Upward transitional relief caps will provide support for those facing large bill increases following the revaluation. This £1.6 billion of support will be funded by the Exchequer rather than by limiting bill decreases, as at previous revaluations. The ‘upward caps’ will be 5%, 15% and 30%, respectively, for small, medium, and large properties in 2023-24.
And there will be no downward transition for those businesses whose rateable value have decreased following the revaluation. Instead, ratepayers will see reductions to their rate bills immediately.

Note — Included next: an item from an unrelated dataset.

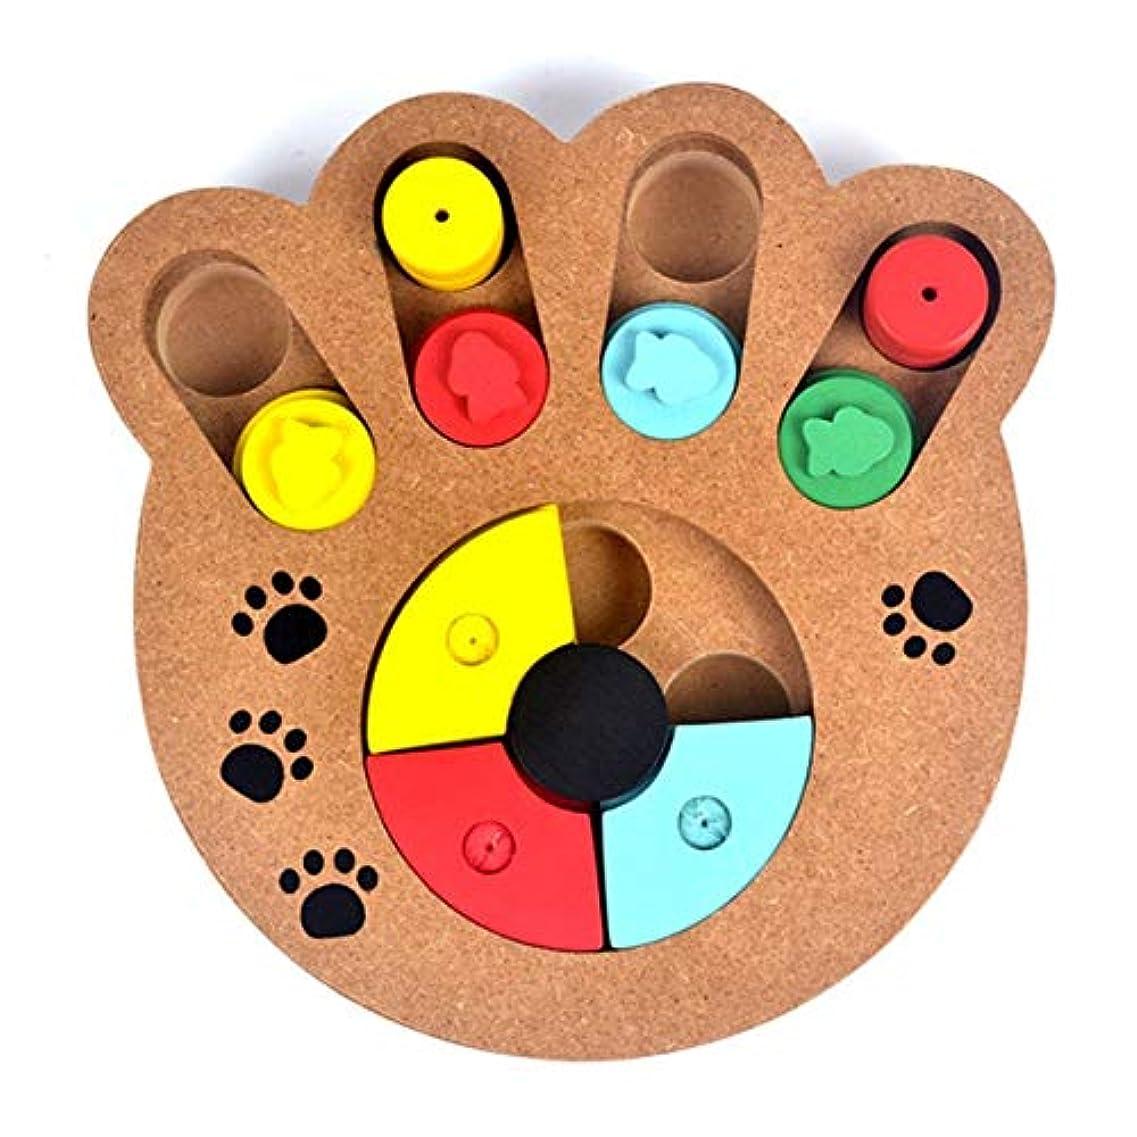 瞬時に文明化お手入れSaikogoods 多機能の自然食品は 子犬犬猫ペット用品のための木製教育ポウパズルインタラクティブ玩具扱い マルチカラーミックス
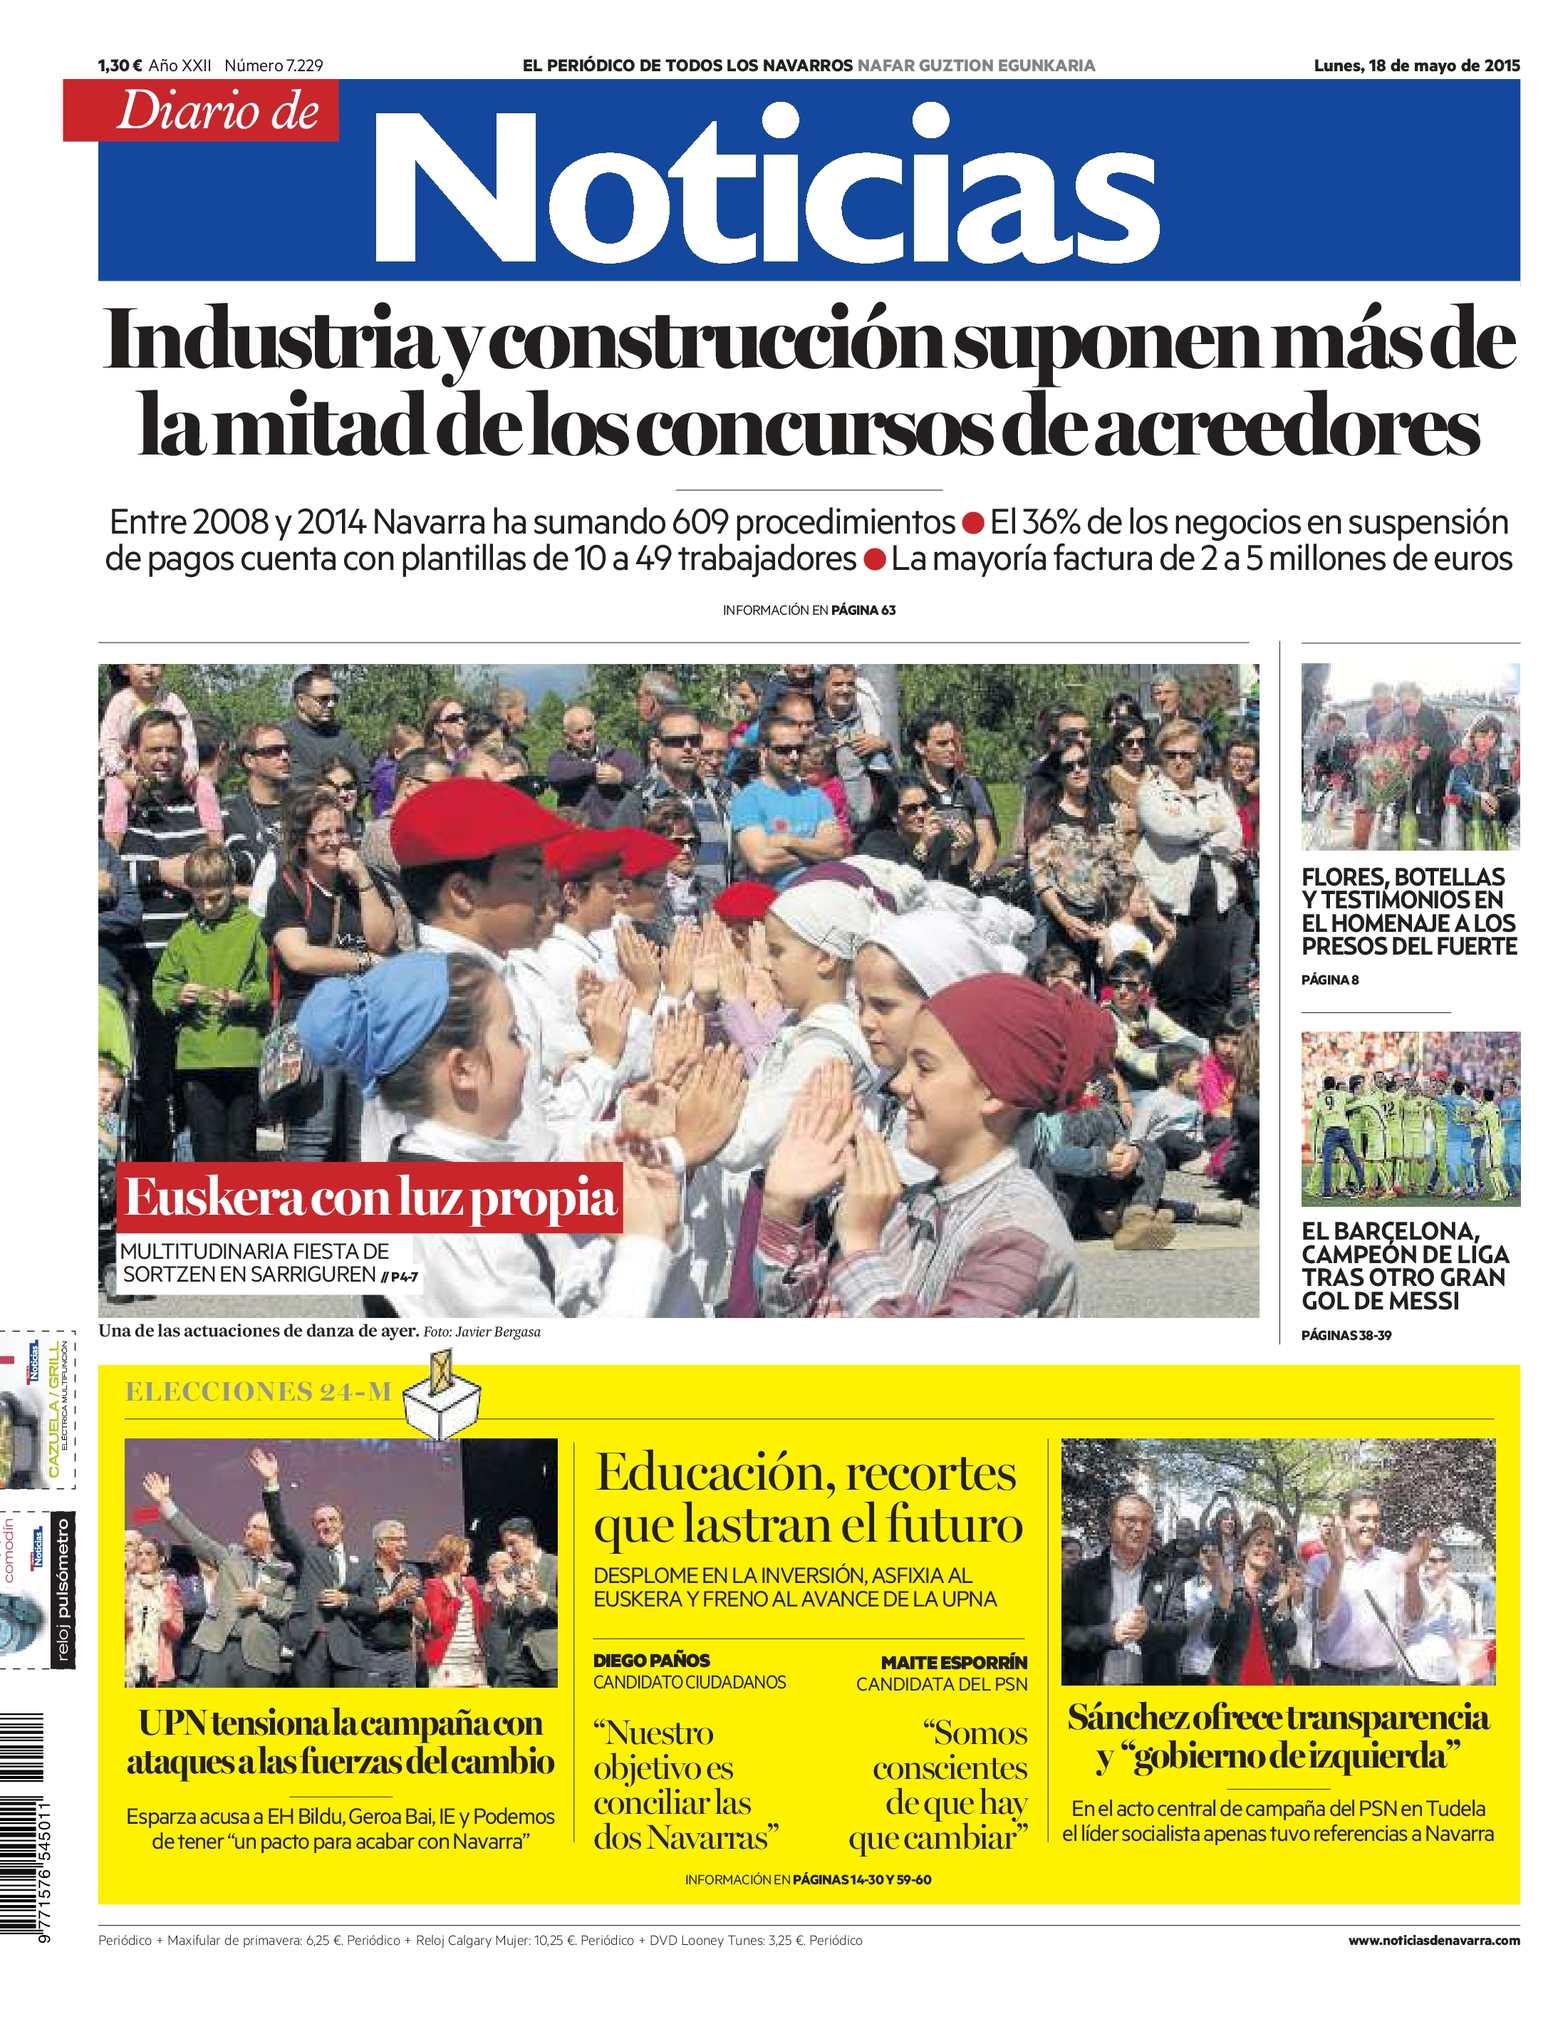 Calaméo - Diario de Noticias 20150518

But consumers will have less cash to spend. The highest-earning Britons will now pay the top 45% rate of tax on income above £125,000, rather than £150,000 previously. The previous administration of Prime Minister Liz Truss had tried to abolish the top rate altogether.
The government will freeze until April 2028 the threshold on the amount people can earn tax-free as well as the level at which the higher rate of income tax kicks in, meaning that with inflation running high, people face paying more income tax.
Hunt said he would cut the amount shareholders can earn in dividends before they begin paying tax from the current level of £2,000 to £1,000 next year and £500 from 2024.
Because electric cars are increasingly common, Hunt said they will no longer be exempt from vehicle taxes from April 2025.
Public spending will grow but more slowly than the economy, he said.
Existing increases planned for departmental budgets will be protected in cash terms until 2024/25, Hunt said - meaning a big real-terms cut with inflation running so high.
Overall spending on public services will continue to rise in real terms for the next five years.
And while many consumers will have less cash, he said he would keep in place the so-called triple lock, which guarantees the state pension will increase by inflation, average earnings or 2.5% - whichever is strongest.